Activities associated with the method **300** are summarized as follows. A waveform associated with an edge modulated AC power signal is received. A time domain width and position of an allowable edge control window relative to and synchronous with the waveform is established. A clock rate F2 normalized with respect to the width of the allowable edge control window is established such that a count CMAX of the width at the normalized clock rate F2 corresponds to a full-scale analog output of a DAC used to control lighting brightness. Finally, a count is accrued at the normalized clock rate F2 to capture a DIM code normalized to the full-scale DAC output. The count is started at an earliest time corresponding to the allowable edge control window and stopped at a next rising edge zero crossing.

In detail, and with reference to FIG. 3, the method **300** begins at block **303** with initializing an index N representing a number of DIM code samples to process before performing a next synchronization sequence. The method **300** continues with a synchronization sequence starting at block **305**, including counting at a first clock rate F1 upon detecting a first falling edge zero crossing associated with the waveform. The synchronization sequence continues at block **308** with stopping the counting upon detecting an immediately subsequent falling edge zero crossing associated with the waveform.
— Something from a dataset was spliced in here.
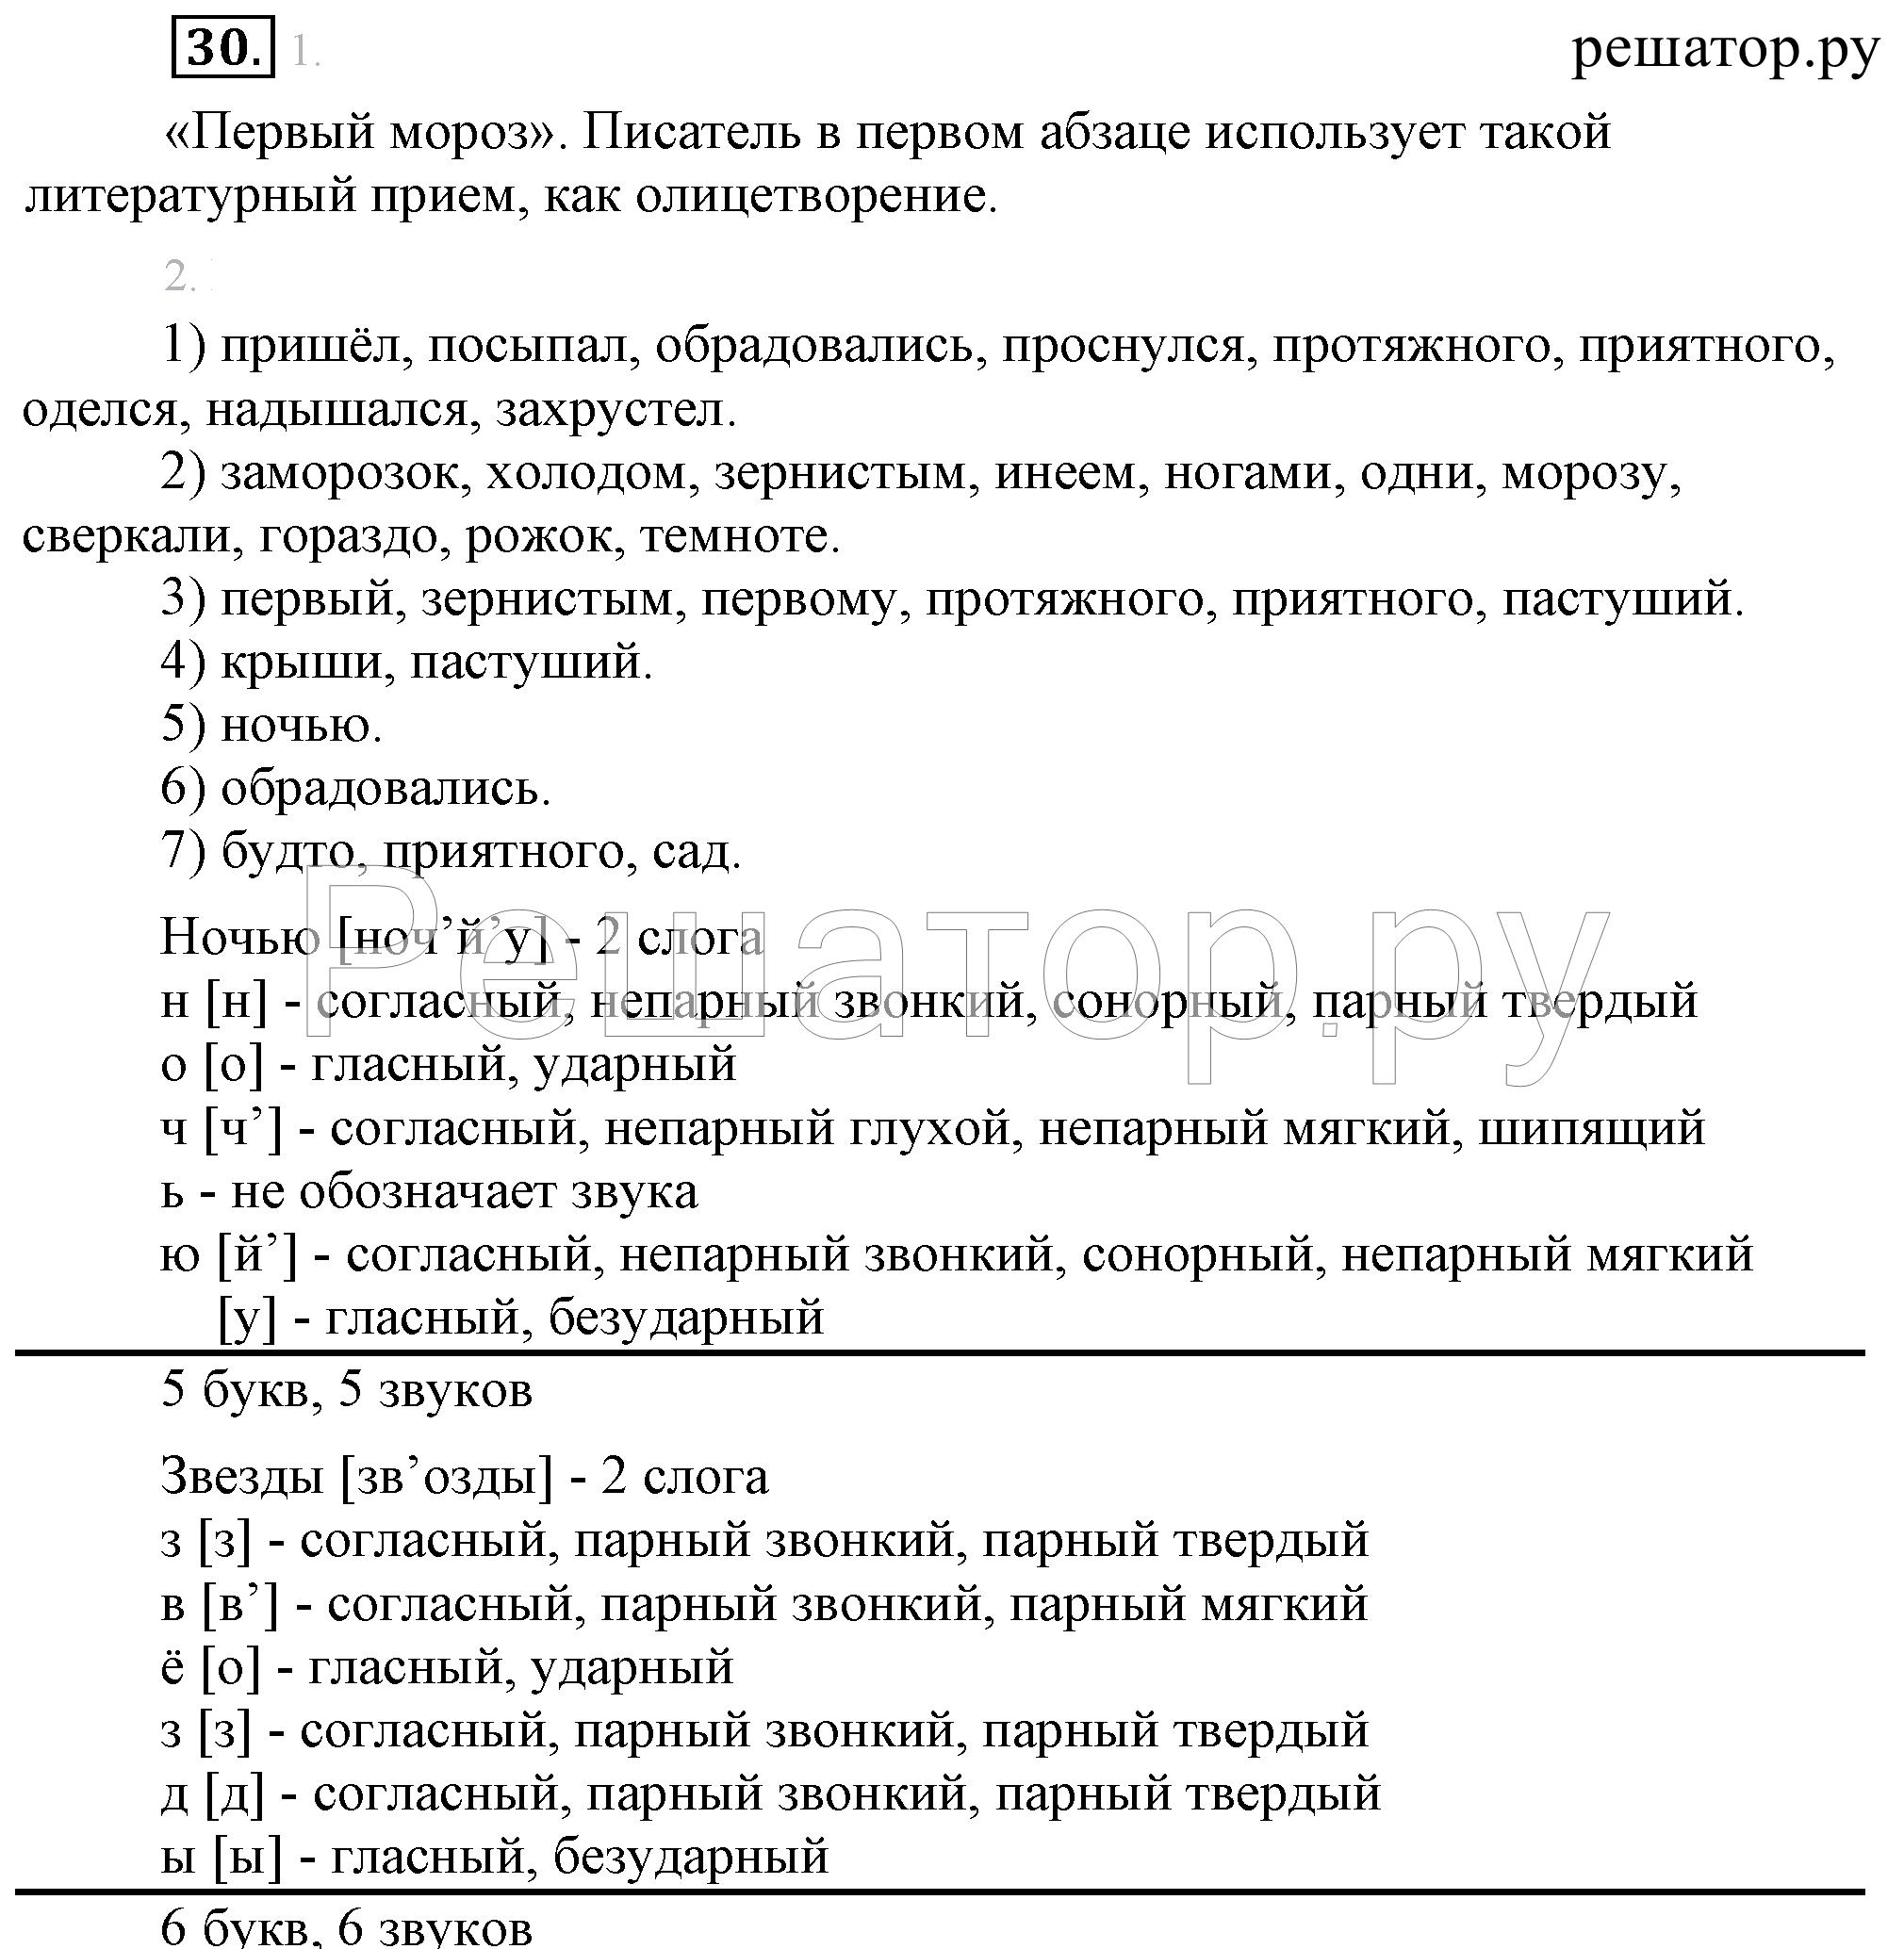 Моя домашка 4 класс русский язык бунеев онлайн

The synchronization sequence also includes storing a content of the counter as a count CP corresponding to a period P_AC of the waveform, at block **312**. The synchronization sequence completes at block **315** by multiplying the count CP by a selected constant percentage K1%. The result is a count CK1 corresponding to the earliest starting time of the allowable edge control window following an immediately prior falling edge zero crossing.

The method **300** continues with resetting the counter at the next falling edge zero crossing T0(B) and counting up to CK1 at the first clock rate F1, at block **320**. The method **300** also includes determining whether a rising edge is encountered before reaching the count CK1, at block **324**. If so, the method **300** includes setting a currently-indexed DIM code DIM(N) equal to CMAX, where CMAX is the maximum count associated with the DAC and represents maximum brightness, at block **328**. The method **300** also includes storing DIM(N) at block **355** and incrementing N at block **358** if the condition of block **324** is satisfied.

If the condition at block **324** is not satisfied, the method **300** includes calculating a normalized clock rate F2 as CMAX/[(K2%−K1%)*P_AC]. The selected constant K2% represents the upper bound of the maximum allowable edge control window as a percentage of the period P_AC of the waveform. In other words, K2% is the percentage of the waveform period P_AC representing minimum brightness.

The method **300** may follow a sequence **330** or an optional sequence **331**. In the first case, the method **300** may proceed at block **332** with loading the counter with count CMAX. The method **300** may also include counting down at the normalized clock rate F2 beginning at time TK1 corresponding to the count CK1 and stopping the count at a next rising edge zero crossing, at block **335**. The DIM code DIM(N) is set equal to the counter content at block **340**.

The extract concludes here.